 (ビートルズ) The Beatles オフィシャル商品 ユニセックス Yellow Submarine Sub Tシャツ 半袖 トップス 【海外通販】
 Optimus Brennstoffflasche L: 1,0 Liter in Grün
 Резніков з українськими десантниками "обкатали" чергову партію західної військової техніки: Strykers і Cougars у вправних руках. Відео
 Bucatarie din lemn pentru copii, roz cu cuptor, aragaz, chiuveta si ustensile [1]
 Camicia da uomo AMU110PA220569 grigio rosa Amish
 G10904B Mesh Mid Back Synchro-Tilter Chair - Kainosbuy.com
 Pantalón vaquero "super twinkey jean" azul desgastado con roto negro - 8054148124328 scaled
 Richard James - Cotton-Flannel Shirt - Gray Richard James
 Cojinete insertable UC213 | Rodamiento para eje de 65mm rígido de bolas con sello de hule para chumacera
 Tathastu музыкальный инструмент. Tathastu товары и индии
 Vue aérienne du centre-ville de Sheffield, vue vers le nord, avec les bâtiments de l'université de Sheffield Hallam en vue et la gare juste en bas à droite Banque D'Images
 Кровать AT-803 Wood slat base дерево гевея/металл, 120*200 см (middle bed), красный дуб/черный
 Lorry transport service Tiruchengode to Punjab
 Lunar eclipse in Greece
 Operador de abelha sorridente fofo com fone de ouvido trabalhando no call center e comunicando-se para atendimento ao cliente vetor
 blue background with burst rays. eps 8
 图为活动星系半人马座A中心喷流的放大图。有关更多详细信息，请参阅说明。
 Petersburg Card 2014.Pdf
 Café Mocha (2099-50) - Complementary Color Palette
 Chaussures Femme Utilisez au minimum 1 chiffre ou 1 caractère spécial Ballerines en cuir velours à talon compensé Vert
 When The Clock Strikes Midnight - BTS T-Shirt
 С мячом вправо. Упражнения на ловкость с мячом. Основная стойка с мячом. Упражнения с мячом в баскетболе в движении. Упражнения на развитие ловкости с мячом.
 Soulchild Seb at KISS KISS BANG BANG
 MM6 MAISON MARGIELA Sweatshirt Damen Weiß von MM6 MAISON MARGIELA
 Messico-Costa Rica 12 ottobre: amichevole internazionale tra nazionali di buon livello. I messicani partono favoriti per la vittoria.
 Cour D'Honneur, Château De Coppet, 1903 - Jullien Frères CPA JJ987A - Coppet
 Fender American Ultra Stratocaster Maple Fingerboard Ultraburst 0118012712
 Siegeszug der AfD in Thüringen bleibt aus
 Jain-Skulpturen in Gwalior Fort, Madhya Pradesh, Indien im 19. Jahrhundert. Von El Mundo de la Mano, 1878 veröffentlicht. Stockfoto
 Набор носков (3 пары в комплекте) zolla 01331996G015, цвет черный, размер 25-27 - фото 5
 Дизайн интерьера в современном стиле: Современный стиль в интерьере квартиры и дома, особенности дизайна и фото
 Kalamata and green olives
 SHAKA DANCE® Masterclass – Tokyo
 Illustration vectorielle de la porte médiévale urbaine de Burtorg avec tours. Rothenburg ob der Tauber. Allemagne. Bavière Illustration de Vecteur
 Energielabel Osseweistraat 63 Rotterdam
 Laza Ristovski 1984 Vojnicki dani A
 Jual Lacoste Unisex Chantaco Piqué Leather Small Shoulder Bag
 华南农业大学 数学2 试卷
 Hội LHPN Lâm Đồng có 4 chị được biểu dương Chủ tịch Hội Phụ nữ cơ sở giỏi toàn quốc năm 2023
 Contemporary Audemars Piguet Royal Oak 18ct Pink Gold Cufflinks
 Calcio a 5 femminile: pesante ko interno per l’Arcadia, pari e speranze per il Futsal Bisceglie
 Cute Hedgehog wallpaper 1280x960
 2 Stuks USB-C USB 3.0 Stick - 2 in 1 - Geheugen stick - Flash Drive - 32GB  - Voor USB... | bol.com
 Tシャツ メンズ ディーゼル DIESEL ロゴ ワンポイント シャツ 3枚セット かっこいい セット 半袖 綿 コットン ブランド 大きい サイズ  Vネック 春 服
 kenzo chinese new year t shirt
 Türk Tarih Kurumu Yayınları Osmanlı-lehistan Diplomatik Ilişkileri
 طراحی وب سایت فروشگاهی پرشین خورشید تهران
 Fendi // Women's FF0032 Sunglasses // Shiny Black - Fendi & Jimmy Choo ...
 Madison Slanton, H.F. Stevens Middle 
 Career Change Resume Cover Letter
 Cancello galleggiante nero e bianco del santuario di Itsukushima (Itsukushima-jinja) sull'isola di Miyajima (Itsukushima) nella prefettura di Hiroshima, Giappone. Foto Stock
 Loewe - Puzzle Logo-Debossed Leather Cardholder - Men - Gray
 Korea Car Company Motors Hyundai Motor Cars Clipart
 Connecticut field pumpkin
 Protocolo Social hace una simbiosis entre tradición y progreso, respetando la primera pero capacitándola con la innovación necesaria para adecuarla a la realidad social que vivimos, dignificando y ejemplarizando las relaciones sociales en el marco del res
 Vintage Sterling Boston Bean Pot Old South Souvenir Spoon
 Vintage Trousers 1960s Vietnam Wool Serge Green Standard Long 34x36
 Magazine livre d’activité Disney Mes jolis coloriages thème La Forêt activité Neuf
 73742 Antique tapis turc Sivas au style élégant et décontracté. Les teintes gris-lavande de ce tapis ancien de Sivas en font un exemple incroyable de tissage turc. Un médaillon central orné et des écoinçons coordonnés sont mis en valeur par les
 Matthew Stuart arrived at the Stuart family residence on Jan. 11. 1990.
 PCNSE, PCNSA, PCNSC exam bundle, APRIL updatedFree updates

######

— What to produce —
Starting at the first line of the listing, retype every line up to and including the one with "When The Clock".

— Answer section —
 (ビートルズ) The Beatles オフィシャル商品 ユニセックス Yellow Submarine Sub Tシャツ 半袖 トップス 【海外通販】
 Optimus Brennstoffflasche L: 1,0 Liter in Grün
 Резніков з українськими десантниками "обкатали" чергову партію західної військової техніки: Strykers і Cougars у вправних руках. Відео
 Bucatarie din lemn pentru copii, roz cu cuptor, aragaz, chiuveta si ustensile [1]
 Camicia da uomo AMU110PA220569 grigio rosa Amish
 G10904B Mesh Mid Back Synchro-Tilter Chair - Kainosbuy.com
 Pantalón vaquero "super twinkey jean" azul desgastado con roto negro - 8054148124328 scaled
 Richard James - Cotton-Flannel Shirt - Gray Richard James
 Cojinete insertable UC213 | Rodamiento para eje de 65mm rígido de bolas con sello de hule para chumacera
 Tathastu музыкальный инструмент. Tathastu товары и индии
 Vue aérienne du centre-ville de Sheffield, vue vers le nord, avec les bâtiments de l'université de Sheffield Hallam en vue et la gare juste en bas à droite Banque D'Images
 Кровать AT-803 Wood slat base дерево гевея/металл, 120*200 см (middle bed), красный дуб/черный
 Lorry transport service Tiruchengode to Punjab
 Lunar eclipse in Greece
 Operador de abelha sorridente fofo com fone de ouvido trabalhando no call center e comunicando-se para atendimento ao cliente vetor
 blue background with burst rays. eps 8
 图为活动星系半人马座A中心喷流的放大图。有关更多详细信息，请参阅说明。
 Petersburg Card 2014.Pdf
 Café Mocha (2099-50) - Complementary Color Palette
 Chaussures Femme Utilisez au minimum 1 chiffre ou 1 caractère spécial Ballerines en cuir velours à talon compensé Vert
 When The Clock Strikes Midnight - BTS T-Shirt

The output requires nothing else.